§ **Data provided**:
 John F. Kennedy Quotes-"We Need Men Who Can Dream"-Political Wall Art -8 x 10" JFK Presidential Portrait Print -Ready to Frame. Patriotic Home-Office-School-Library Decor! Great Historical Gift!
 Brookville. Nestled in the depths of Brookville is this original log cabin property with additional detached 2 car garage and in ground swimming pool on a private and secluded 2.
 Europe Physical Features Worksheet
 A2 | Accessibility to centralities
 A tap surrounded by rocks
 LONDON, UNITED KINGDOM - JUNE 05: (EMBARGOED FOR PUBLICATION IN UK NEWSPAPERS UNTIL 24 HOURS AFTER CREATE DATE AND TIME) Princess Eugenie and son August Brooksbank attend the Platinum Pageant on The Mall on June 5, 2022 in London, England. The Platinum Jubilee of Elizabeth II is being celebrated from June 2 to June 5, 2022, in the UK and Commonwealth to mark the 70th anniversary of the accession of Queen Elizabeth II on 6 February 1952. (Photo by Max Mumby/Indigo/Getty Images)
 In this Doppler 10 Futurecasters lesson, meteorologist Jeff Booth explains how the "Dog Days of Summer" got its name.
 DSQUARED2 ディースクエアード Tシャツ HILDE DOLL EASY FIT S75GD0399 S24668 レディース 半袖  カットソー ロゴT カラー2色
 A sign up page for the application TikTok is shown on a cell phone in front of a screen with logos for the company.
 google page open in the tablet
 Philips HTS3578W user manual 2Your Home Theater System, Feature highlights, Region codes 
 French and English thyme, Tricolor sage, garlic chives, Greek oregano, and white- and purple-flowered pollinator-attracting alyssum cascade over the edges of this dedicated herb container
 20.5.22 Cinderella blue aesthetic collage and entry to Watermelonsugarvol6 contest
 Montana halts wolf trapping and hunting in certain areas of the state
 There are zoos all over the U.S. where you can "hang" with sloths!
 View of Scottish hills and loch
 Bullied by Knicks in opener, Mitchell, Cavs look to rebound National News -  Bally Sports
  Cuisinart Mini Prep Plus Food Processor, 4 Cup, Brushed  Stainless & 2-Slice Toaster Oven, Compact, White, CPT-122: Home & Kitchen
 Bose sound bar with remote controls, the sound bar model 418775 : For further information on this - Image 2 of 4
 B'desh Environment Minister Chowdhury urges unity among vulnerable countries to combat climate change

§ **Task statement**:
Restate each of the entries above verbatim.

§ **Finished exercise**:
 John F. Kennedy Quotes-"We Need Men Who Can Dream"-Political Wall Art -8 x 10" JFK Presidential Portrait Print -Ready to Frame. Patriotic Home-Office-School-Library Decor! Great Historical Gift!
 Brookville. Nestled in the depths of Brookville is this original log cabin property with additional detached 2 car garage and in ground swimming pool on a private and secluded 2.
 Europe Physical Features Worksheet
 A2 | Accessibility to centralities
 A tap surrounded by rocks
 LONDON, UNITED KINGDOM - JUNE 05: (EMBARGOED FOR PUBLICATION IN UK NEWSPAPERS UNTIL 24 HOURS AFTER CREATE DATE AND TIME) Princess Eugenie and son August Brooksbank attend the Platinum Pageant on The Mall on June 5, 2022 in London, England. The Platinum Jubilee of Elizabeth II is being celebrated from June 2 to June 5, 2022, in the UK and Commonwealth to mark the 70th anniversary of the accession of Queen Elizabeth II on 6 February 1952. (Photo by Max Mumby/Indigo/Getty Images)
 In this Doppler 10 Futurecasters lesson, meteorologist Jeff Booth explains how the "Dog Days of Summer" got its name.
 DSQUARED2 ディースクエアード Tシャツ HILDE DOLL EASY FIT S75GD0399 S24668 レディース 半袖  カットソー ロゴT カラー2色
 A sign up page for the application TikTok is shown on a cell phone in front of a screen with logos for the company.
 google page open in the tablet
 Philips HTS3578W user manual 2Your Home Theater System, Feature highlights, Region codes 
 French and English thyme, Tricolor sage, garlic chives, Greek oregano, and white- and purple-flowered pollinator-attracting alyssum cascade over the edges of this dedicated herb container
 20.5.22 Cinderella blue aesthetic collage and entry to Watermelonsugarvol6 contest
 Montana halts wolf trapping and hunting in certain areas of the state
 There are zoos all over the U.S. where you can "hang" with sloths!
 View of Scottish hills and loch
 Bullied by Knicks in opener, Mitchell, Cavs look to rebound National News -  Bally Sports
  Cuisinart Mini Prep Plus Food Processor, 4 Cup, Brushed  Stainless & 2-Slice Toaster Oven, Compact, White, CPT-122: Home & Kitchen
 Bose sound bar with remote controls, the sound bar model 418775 : For further information on this - Image 2 of 4
 B'desh Environment Minister Chowdhury urges unity among vulnerable countries to combat climate change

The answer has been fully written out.